Optimisations include:

- Integer DNA encoding, optimised parsing from FASTA/FASTQ.
- Faster dictionaries.
- Full parallelisation of build phase.
- Smaller, standardised input/output files. Faster to save/load.
- Reduced memory footprint and increased speed with read filtering.

And other improvements:

- IUPAC uncertainty codes for multiple copy split k-mers.
- Uncertainty with self-reverse-complement split k-mers (palindromes).
- Fully dynamic files (merge, delete samples).
- Native VCF output for map.
- Support for known strand sequence (e.g. RNA viruses).
- Stream to STDOUT, or file with `-o`.
- Simpler command line combining `ska fasta`, `ska fastq`, `ska alleles` and `ska merge` into the new `ska build`.
- Option for single commands to run `ska align` or `ska map`.
- New coverage model for filtering FASTQ files with `ska cov`.
- Logging.
- CI testing.

All of which make `ska.rust` run faster and with smaller file size and memory
footprint than the original.

## Planned features

- Sparse data structure which will reduce space and make parallelisation more efficient. [Issue #47]https://github.com/bacpop/ska.rust/issues/47.
- 'fastcall' mode. [Issue #52]https://github.com/bacpop/ska.rust/issues/52.
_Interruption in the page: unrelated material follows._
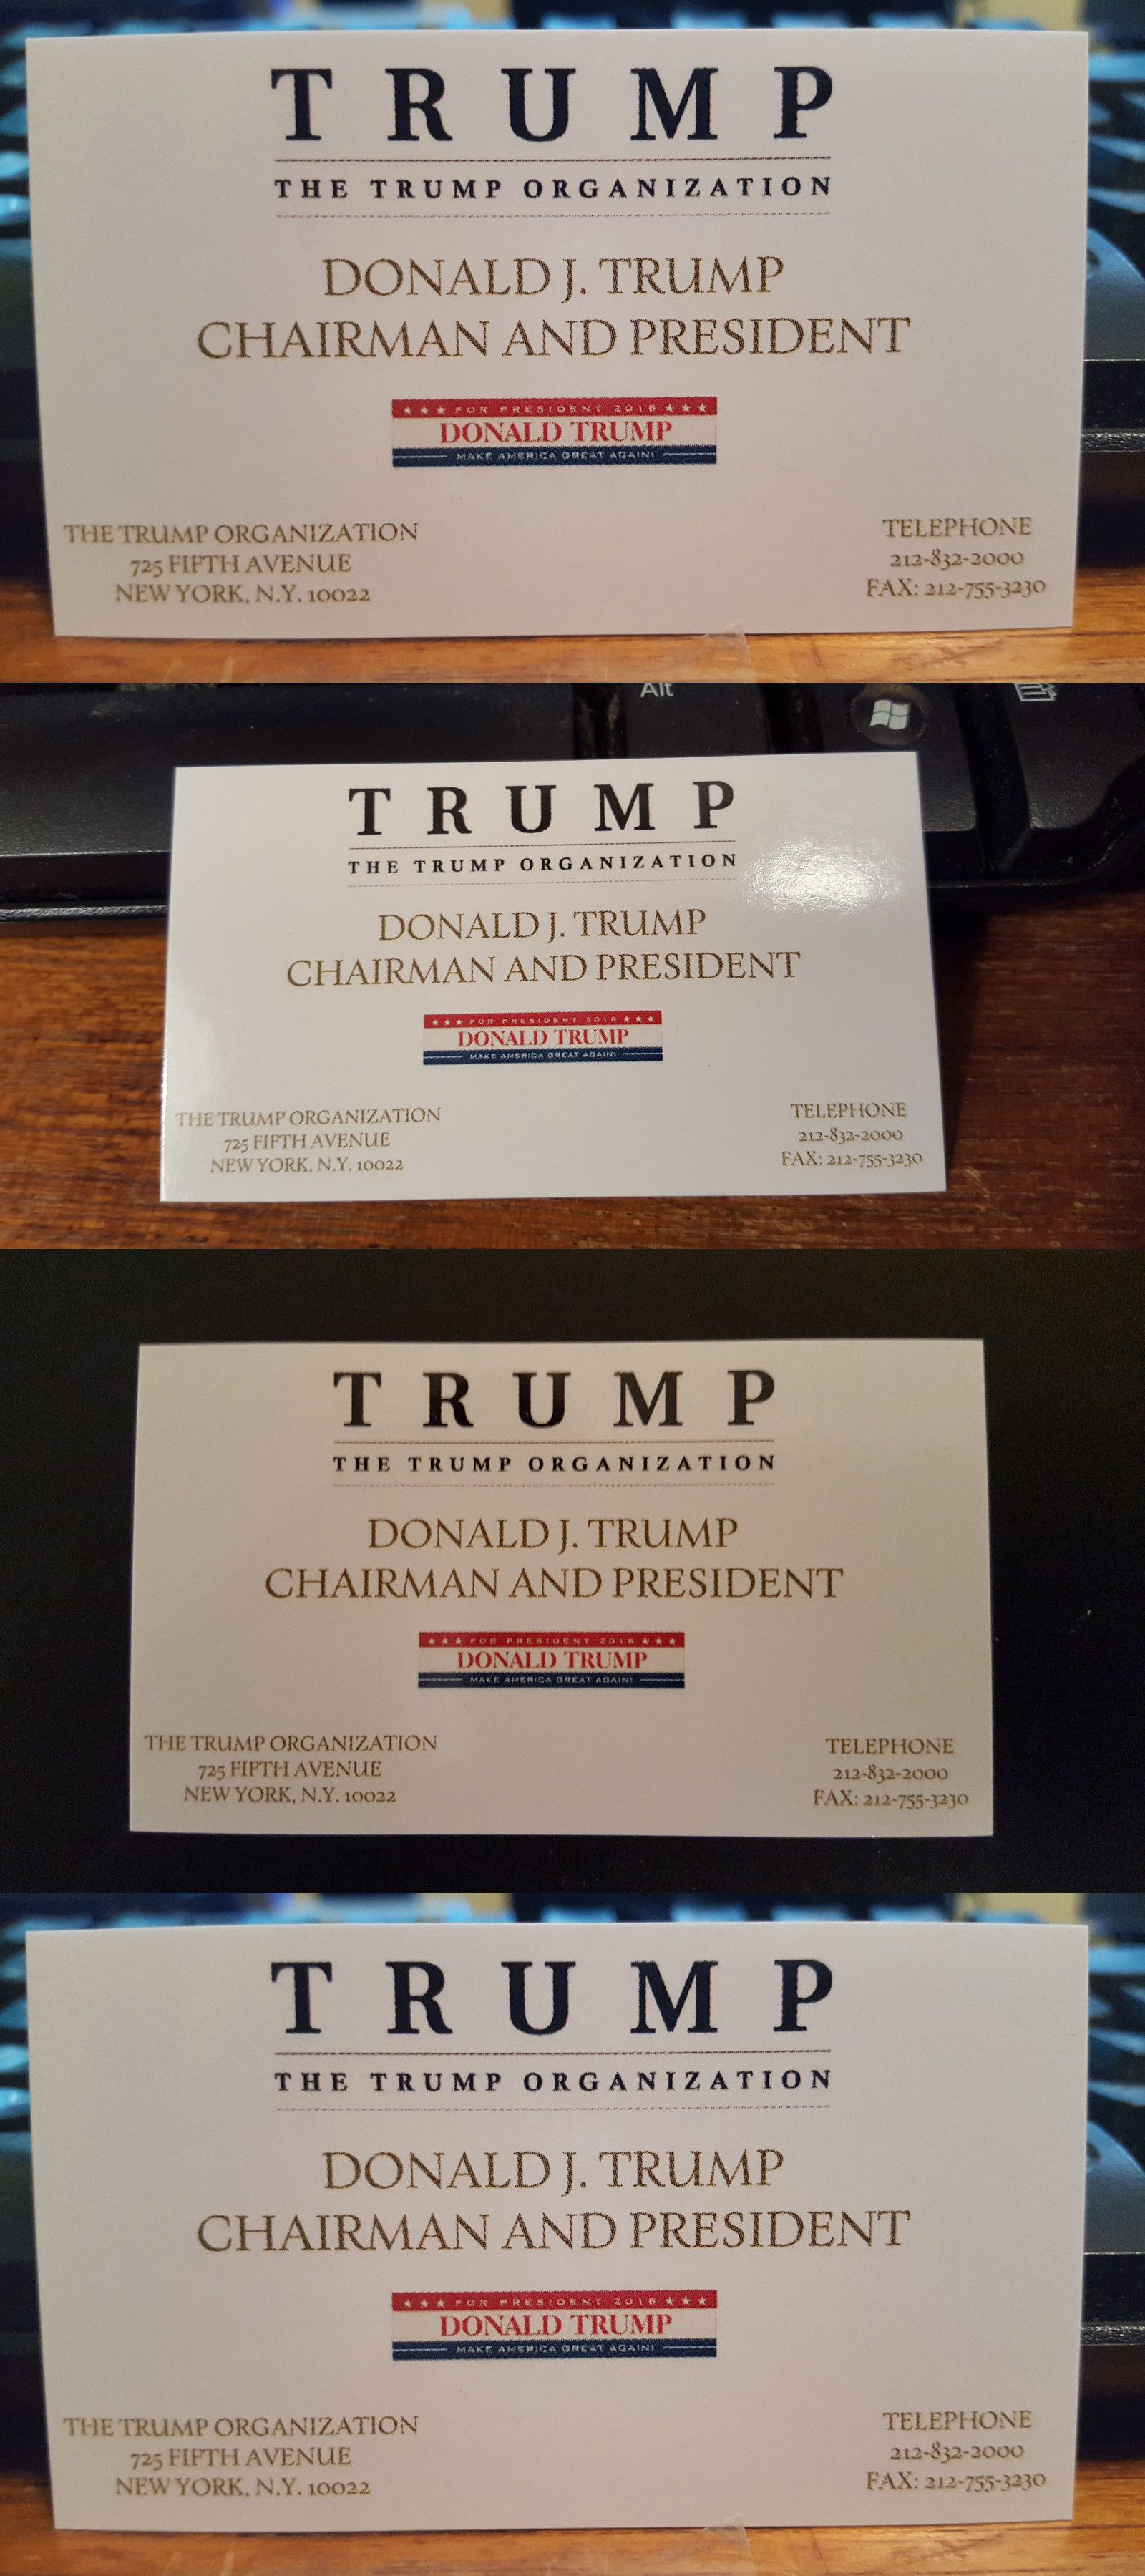 Donald trump donald trump business card republican president gop donald trump donald trump business card republican president gop presidential race 2016 new colourmoves

## Feature ideas (not definitely planned)

- Add support for ambiguity in VCF output (`ska map`). [Issue #5]https://github.com/bacpop/ska.rust/issues/5.
- Non-serial loading of .skf files (for when they are very large). [Issue #22]https://github.com/bacpop/ska.rust/issues/22.
- Alternative mixture models for read error correction. [Issue #50]https://github.com/bacpop/ska.rust/issues/50.
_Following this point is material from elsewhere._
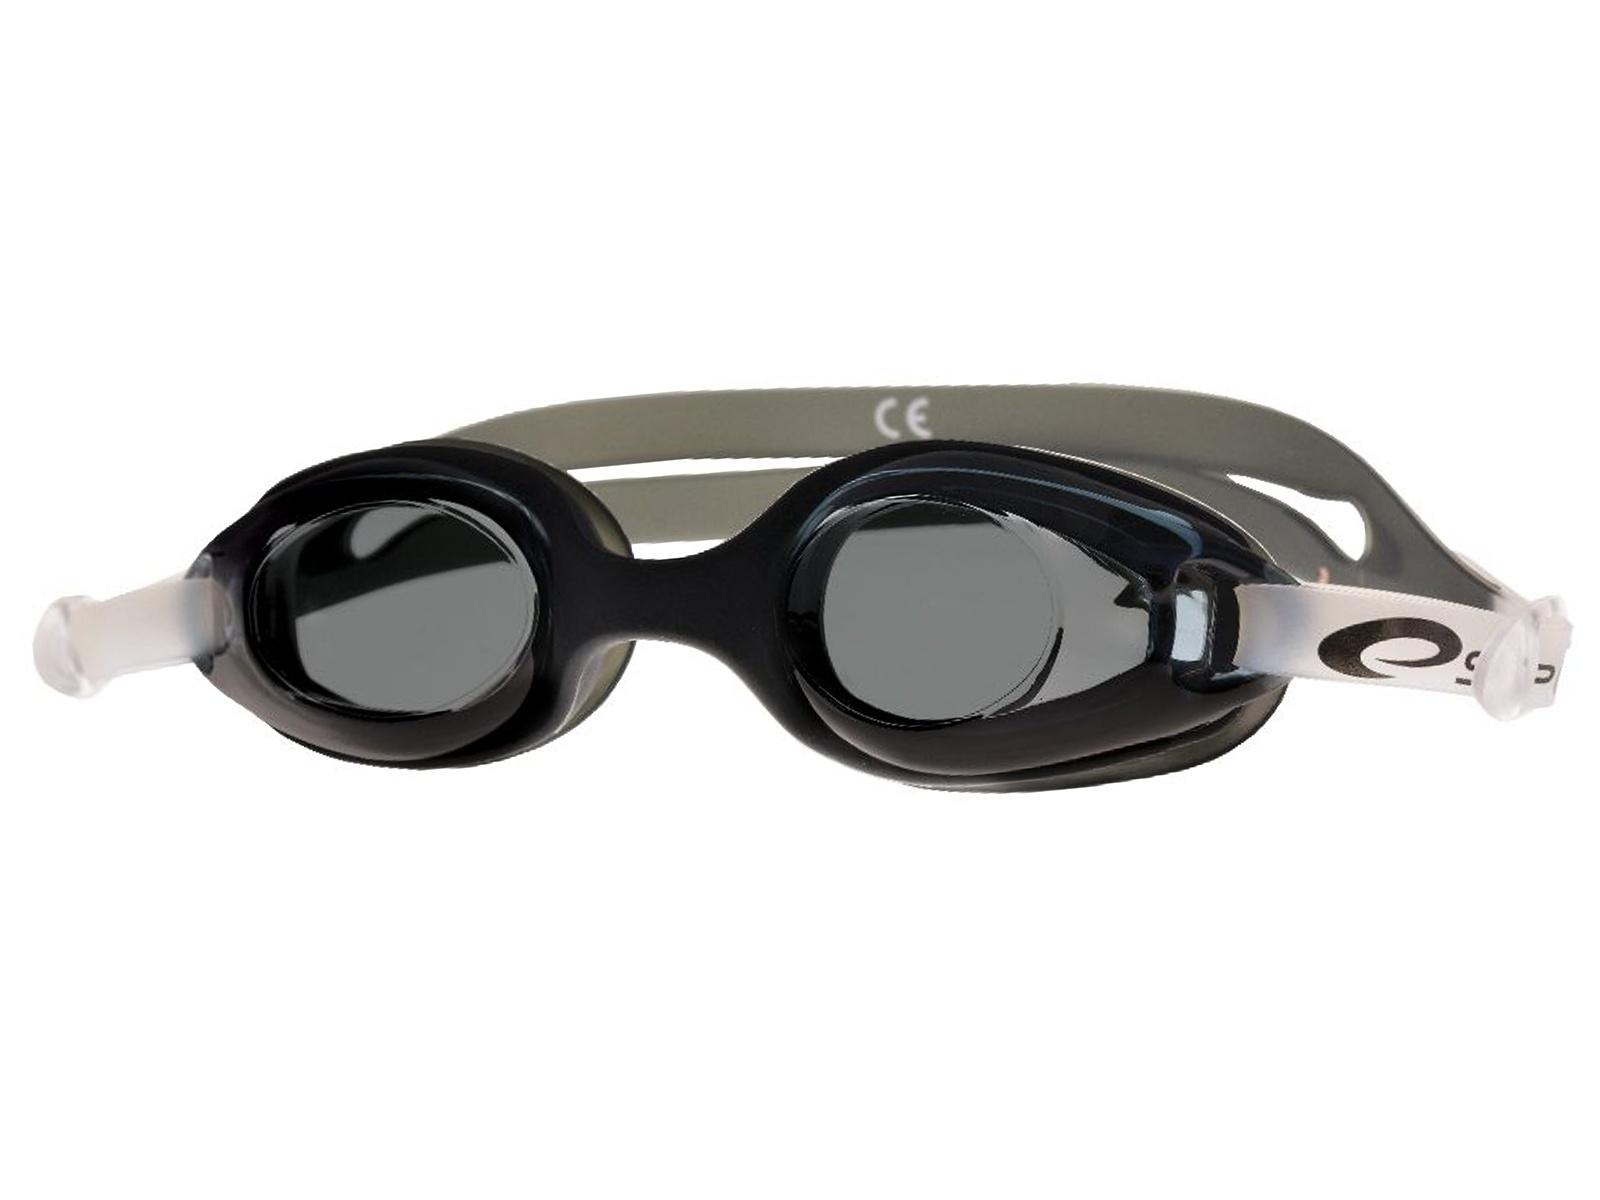 Plavecké brýle SPOKEY Seal - černé

## Things you can no longer do

- Use k > 63 (shouldn't be necessary? Let us know if you need this and why).
- `ska annotate` (use bedtools).
- `ska compare`, `ska humanise`, `ska info` or `ska summary` (replaced by `ska nk --full-info`).
- `ska unique` (you can parse `ska nk --full-info` if you want this functionality, but we didn't think it's used much).
- `ska type` (use [PopPUNK]https://github.com/bacpop/PopPUNK instead of MLST 🙂)
- Ns are always skipped, and will not be found in any split k-mers.
- `.skf` files are not backwards compatible with version 1.